▶ _Your assignment_:
Within the entries below, please retype exactly the lines starting with the line that has "La reine Paola" and going on through the line that has "房屋大火 浓烟6 高清实拍视频素材", but not the pictures.
Provided data section start
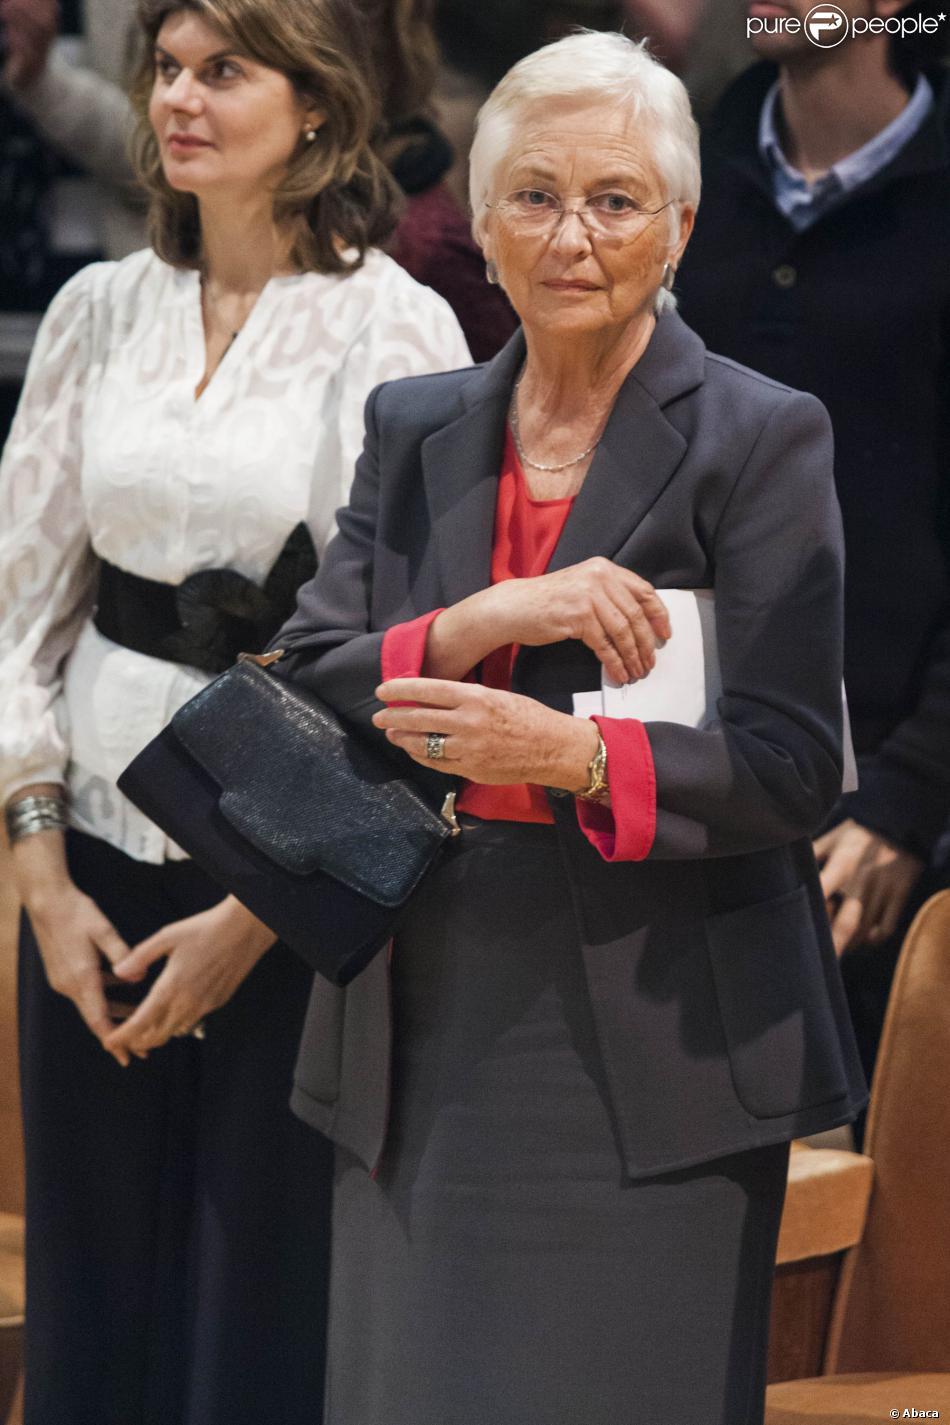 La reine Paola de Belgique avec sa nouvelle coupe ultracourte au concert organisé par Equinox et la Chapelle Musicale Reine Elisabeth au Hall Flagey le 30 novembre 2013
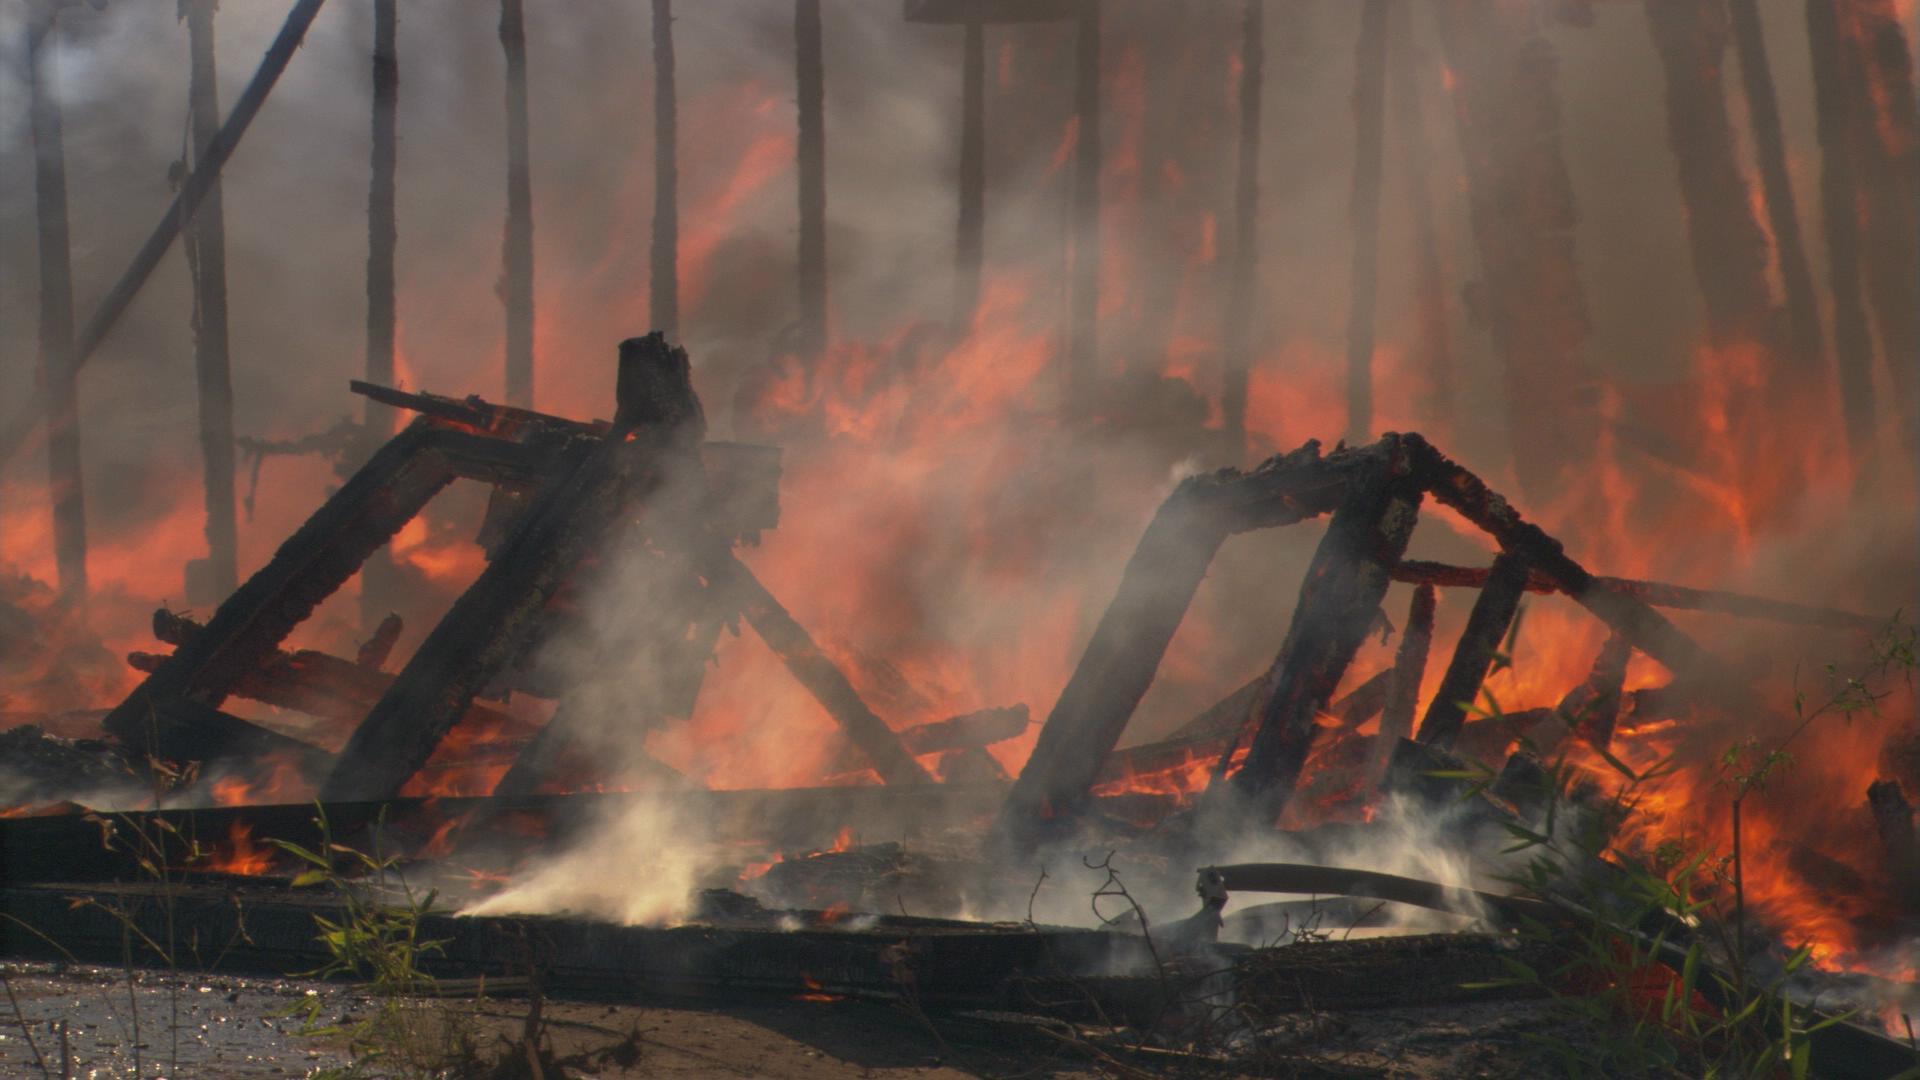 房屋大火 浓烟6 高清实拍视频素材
Provided data section end
Provided data section start
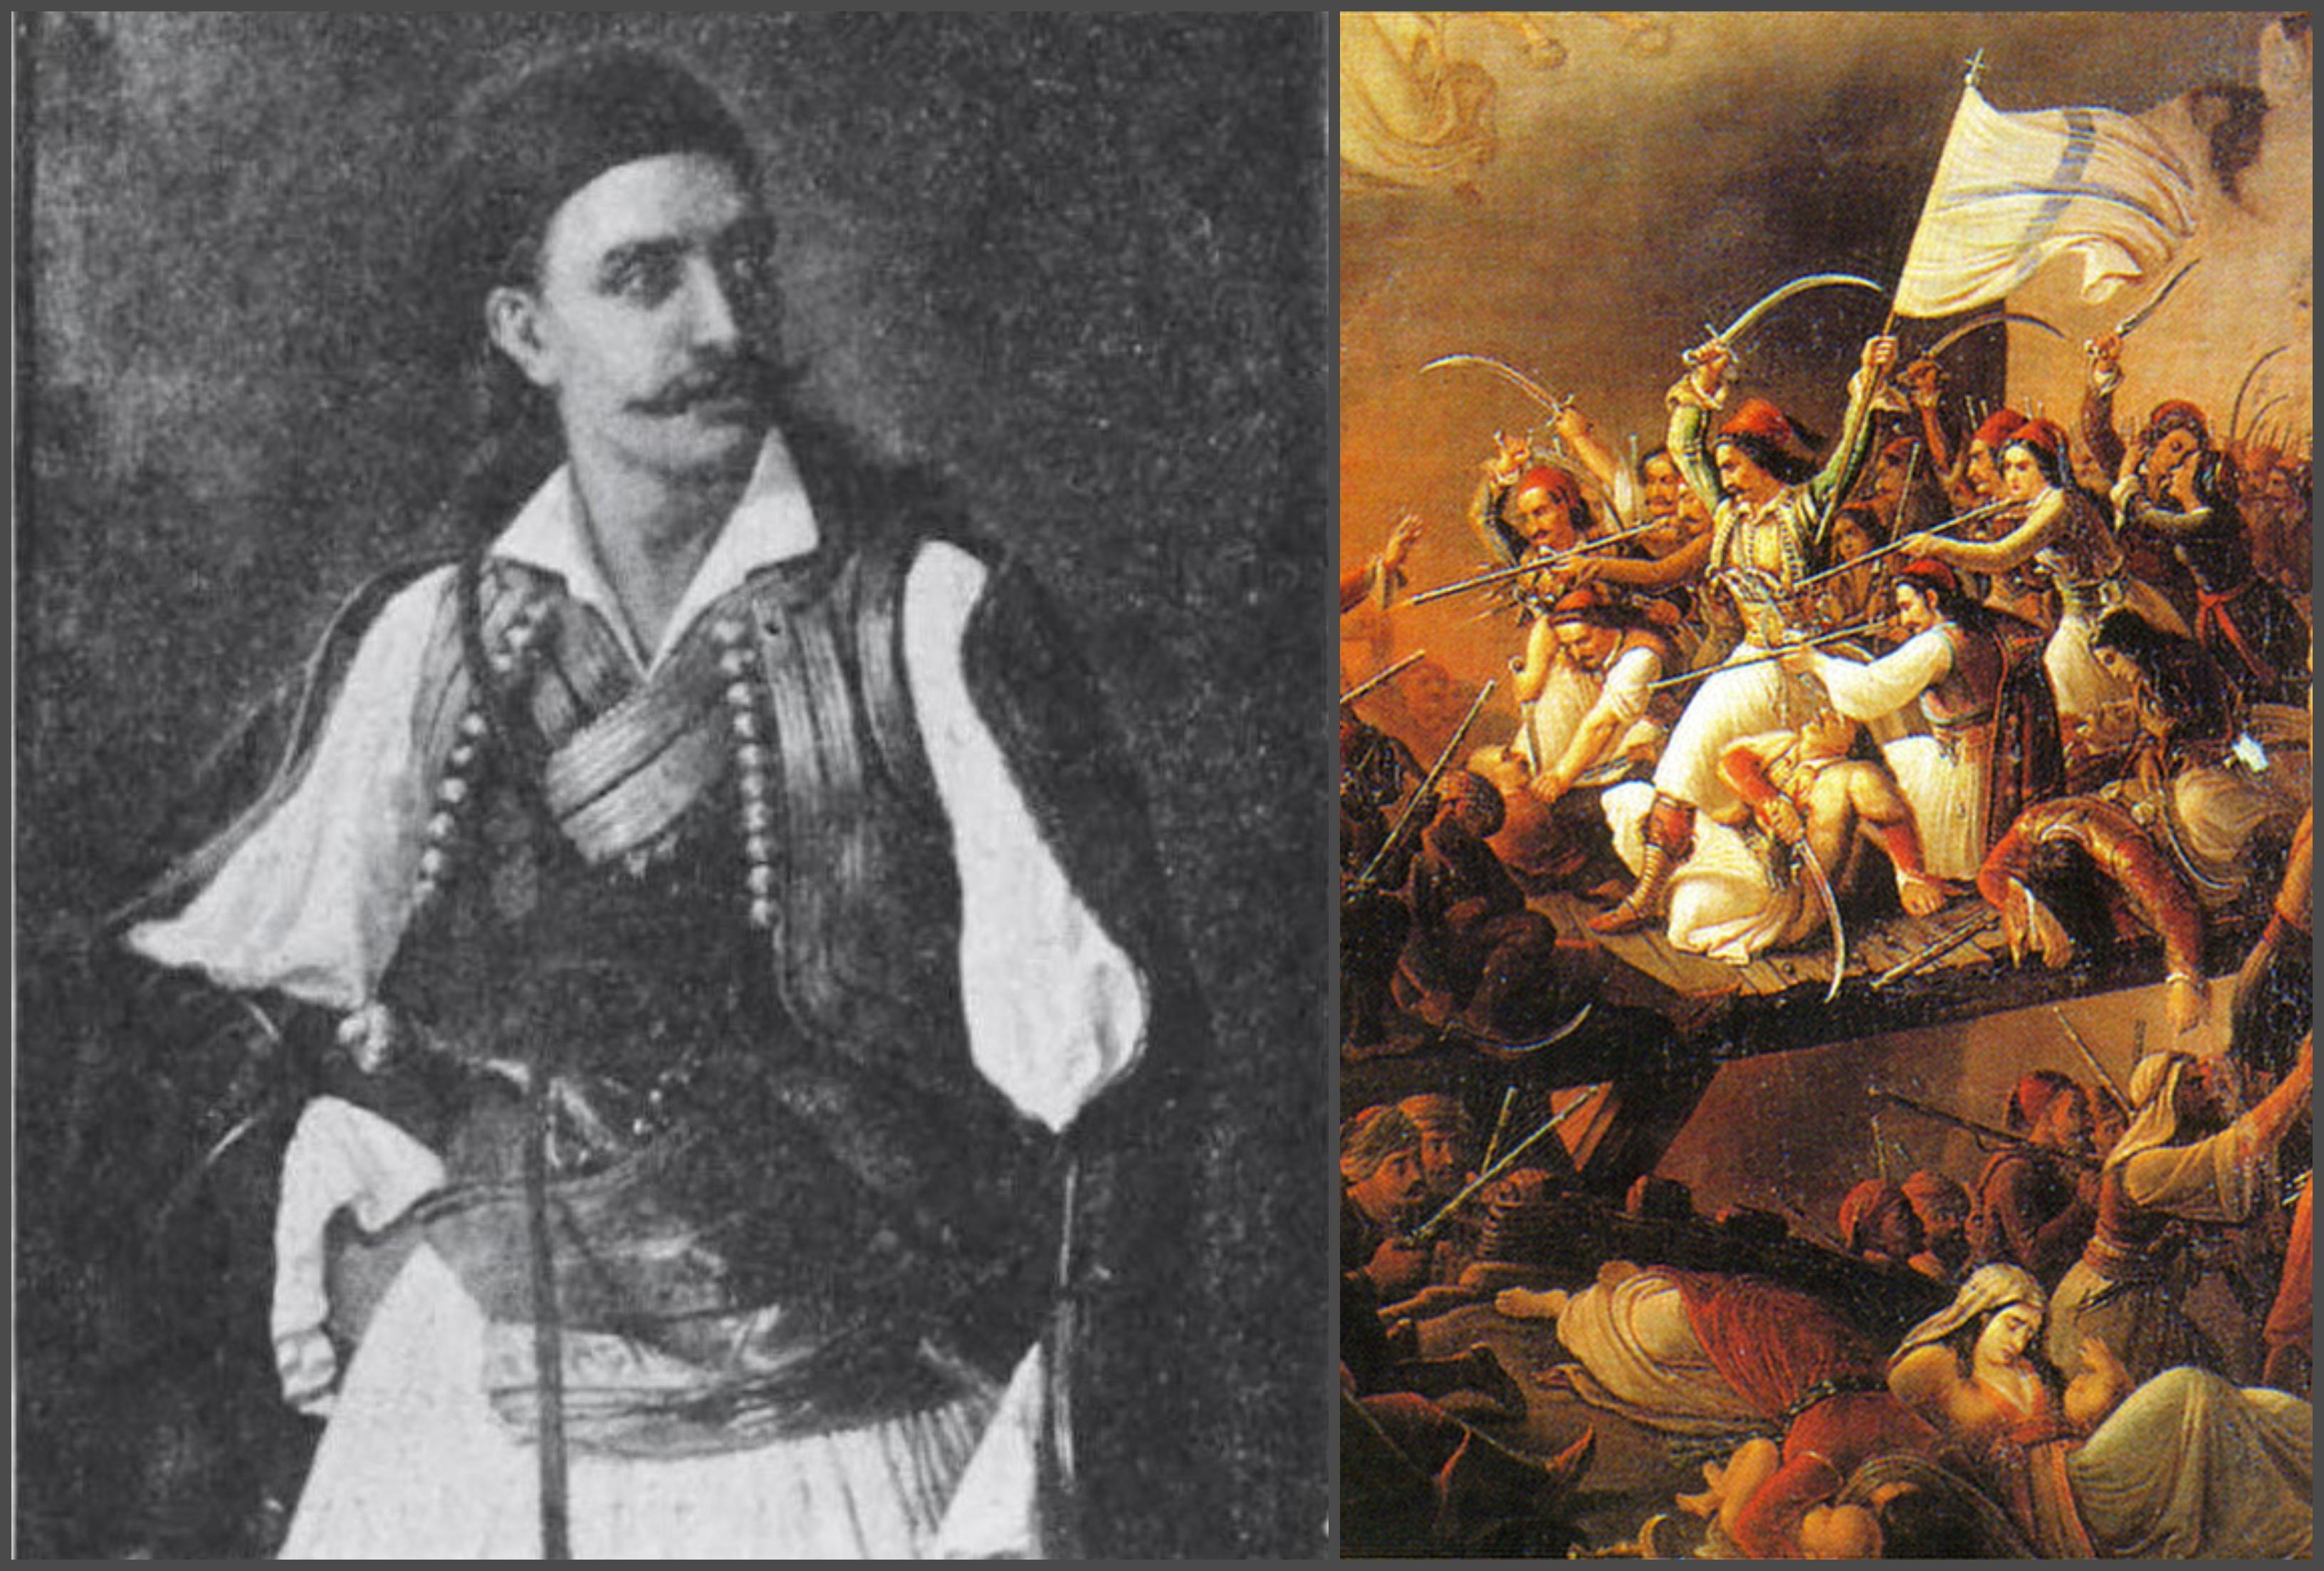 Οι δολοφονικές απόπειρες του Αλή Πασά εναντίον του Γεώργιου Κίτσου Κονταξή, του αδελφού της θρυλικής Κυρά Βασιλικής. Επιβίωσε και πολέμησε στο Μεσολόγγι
Provided data section end
▶ _Exercise solution_:
 La reine Paola de Belgique avec sa nouvelle coupe ultracourte au concert organisé par Equinox et la Chapelle Musicale Reine Elisabeth au Hall Flagey le 30 novembre 2013
 房屋大火 浓烟6 高清实拍视频素材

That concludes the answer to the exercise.